Late in August, reports that Beijing and American regulators were close to reaching an audit-inspection agreement caused the price of Alibaba to surge sharply.
Alibaba was added by the U.S. Securities and Exchange Commission to a list of Chinese companies at risk of delisting in late July for failing to open their books to American accounting regulators.
On June 17, Alibaba stock increased, but early gains were erased after Reuters reported that Ant Group’s application to establish a financial holding company had been approved by China’s central bank.
Chinese authorities put a halt to the $34.5 billion Ant Group IPO in Shanghai and Hong Kong at the beginning of November 2020. Ant Group is Alibaba’s fintech division. The IPO was suspended after Shanghai exchange officials announced that the listing would be halted because the company was unable to meet the requirements due to changes in the regulatory environment.
Recent Income
The following earnings report from Alibaba is due on February 23 at the opening.

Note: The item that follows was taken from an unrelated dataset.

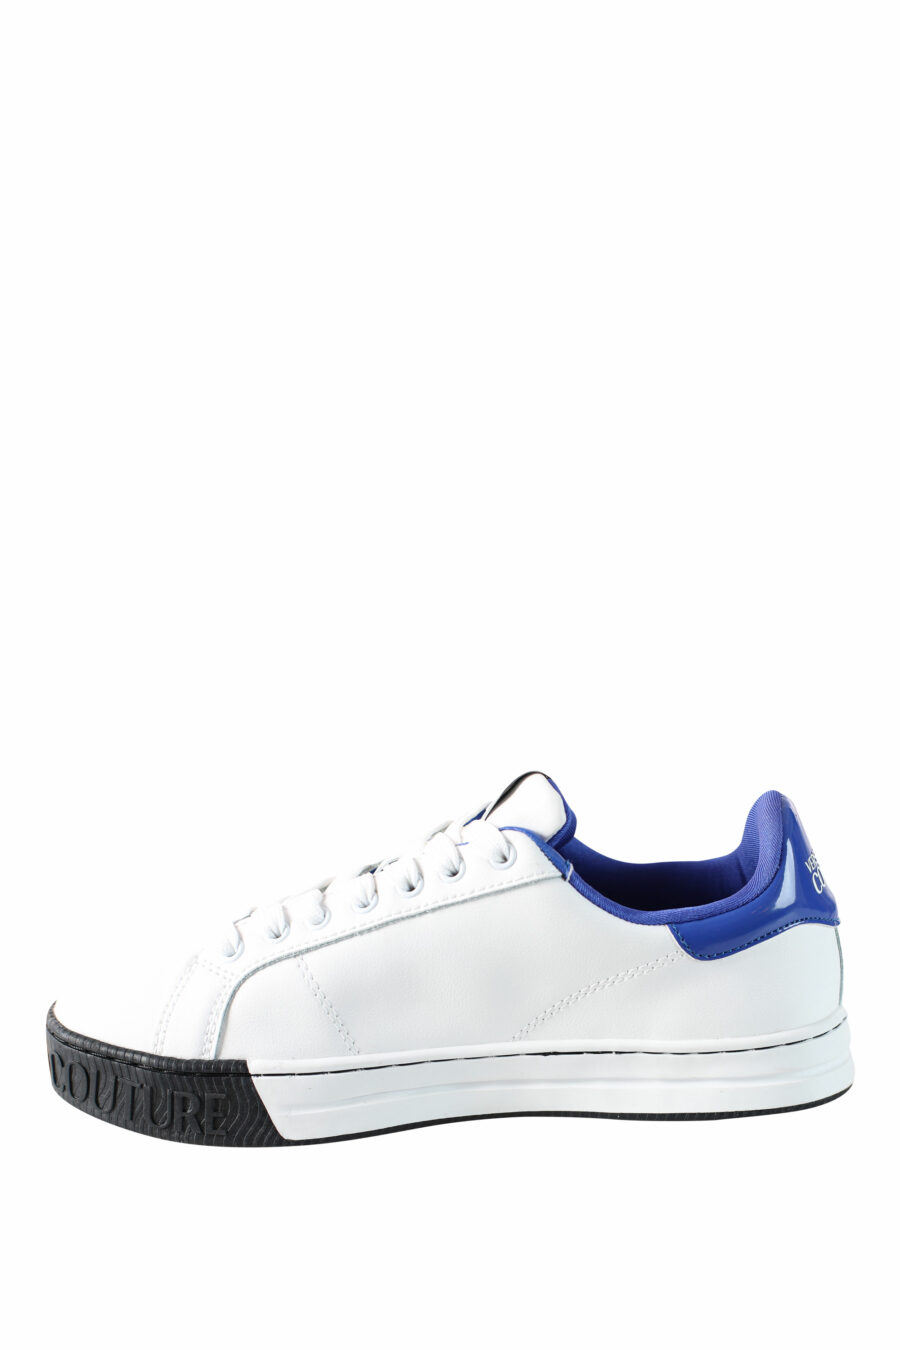 Zapatillas blancas con azul y logo circular - IMG 4507

A 14% decline in adjusted profit to $2.28 per share is anticipated, along with a 7% decline in revenue to $35.36 billion.

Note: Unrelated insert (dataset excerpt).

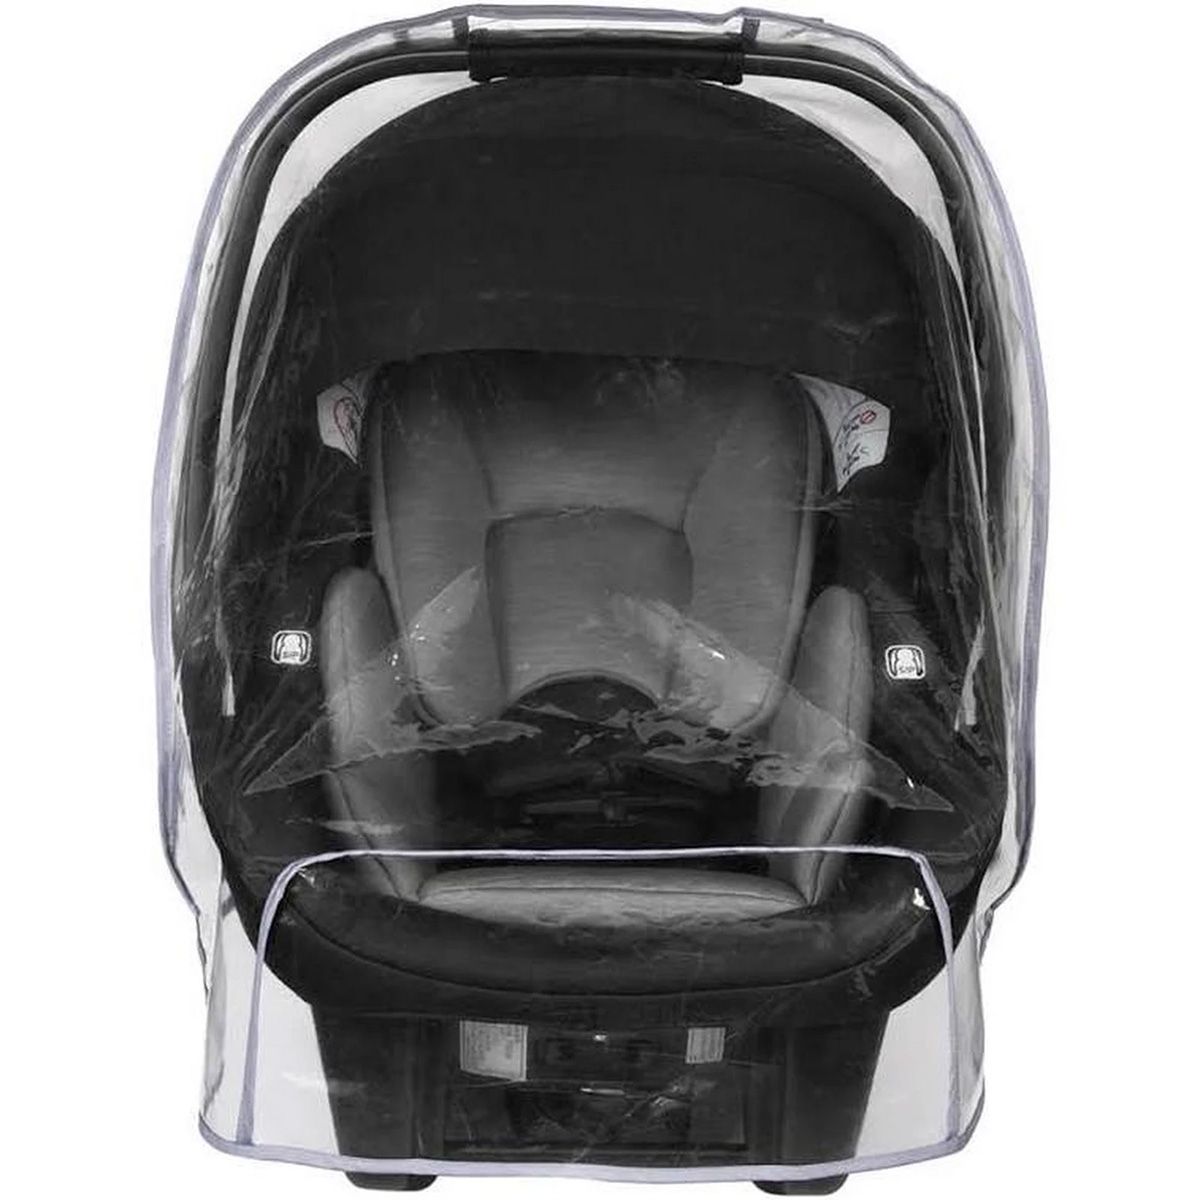 Nuna Pipa Infant Car Seat Rain Cover

BABA said it is expanding its share buyback program by $15 billion as part of its Nov. 17 earnings report, which showed adjusted profit up 5% year over year to $1.82 a share but revenue down 6% to $29.1 billion. On top of an ongoing $25 billion program, that. The business claimed that as of Nov. 16, it had already repurchased $18 billion worth of stock through its current program.
Early in August, Alibaba announced fiscal first-quarter revenue of $30.7 billion, down almost 4% from the same period last year but slightly higher than the $30 billion consensus. A share-based adjusted profit of $1.75 was higher than the $1.58 consensus.

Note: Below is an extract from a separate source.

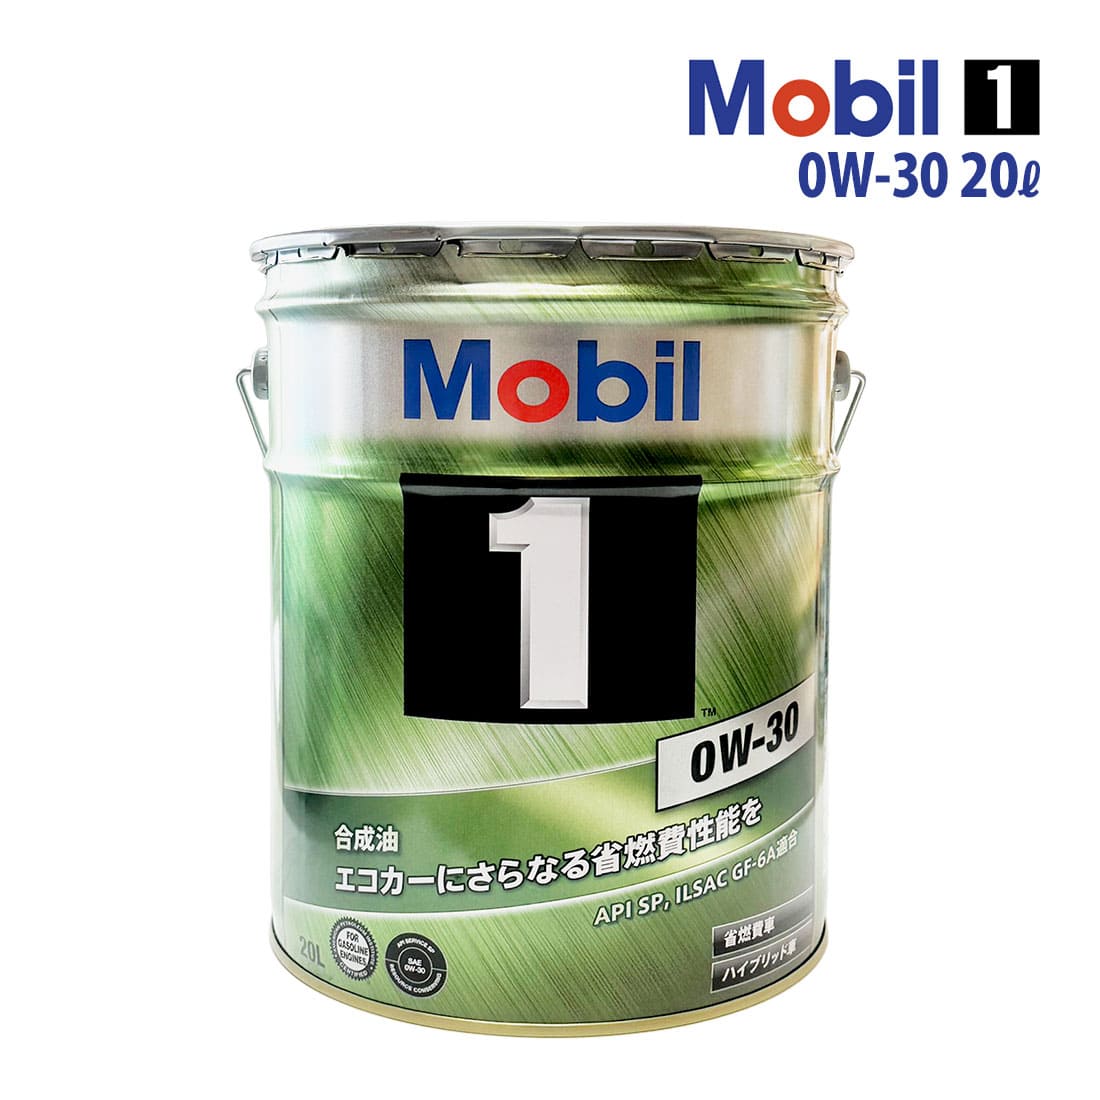 エンジンオイル 0W-30 SP モービル1 Mobil1 20L缶 (20リットル) ペール缶  :ys-mob1010149-2305-10011:オートサポートグループ 通販

China commerce for Alibaba decreased by 1% to $21.19 billion. Revenue for the company’s cloud division was $1.59 billion, up 10% from the previous year.
Vendors Attack BABA Stock
Alibaba and other Chinese stocks have been under increased regulatory scrutiny for the past few years. In addition to a strict regulatory environment, a slowing economy has been a problem for Chinese stocks.
Following an antimonopoly investigation, China’s regulators fined Alibaba $2.8 billion in April 2020. At the time, it appeared as though BABA stock was about to reverse its downward trend. But the stock got turned away at its 50-day moving average. Late in April, it attempted to rise above the 50-day line once more, but sellers drove the stock lower.
After Chinese regulators unveiled new draft antimonopoly rules for China’s online marketplaces, including JD.com and Alibaba, among others, BABA stock fell another 8% on Nov. 10.
Fundamental Analysis of the Alibaba Stock
Alibaba has a more successful track record of growth than most businesses. Although earnings have decreased for four consecutive quarters and revenue growth has slowed, the company has experienced annualized earnings growth of 15% over the past five years.
Is BABA Stock A Buy Right Now?
Alibaba’s overhead supply problems remain a concern as the stock is still below its high of 125.84 in July. In late January, the price of Alibaba stock increased to 121.30 before declining.
On November 15, the BABA stock made a significant move above the 50-day line, ending its downtrend and sending a buy signal. However, the stock started to appear overbought after rising 19% during the week ending December 2.
During the week ending January 6, Alibaba stock again experienced a breakout on the same day that the Nasdaq composite and S&P 500 marked follow-through days.
If Alibaba stock can rise above its 10-week moving average, which is currently just above 103, it won’t be far from an alternative entry (see weekly chart).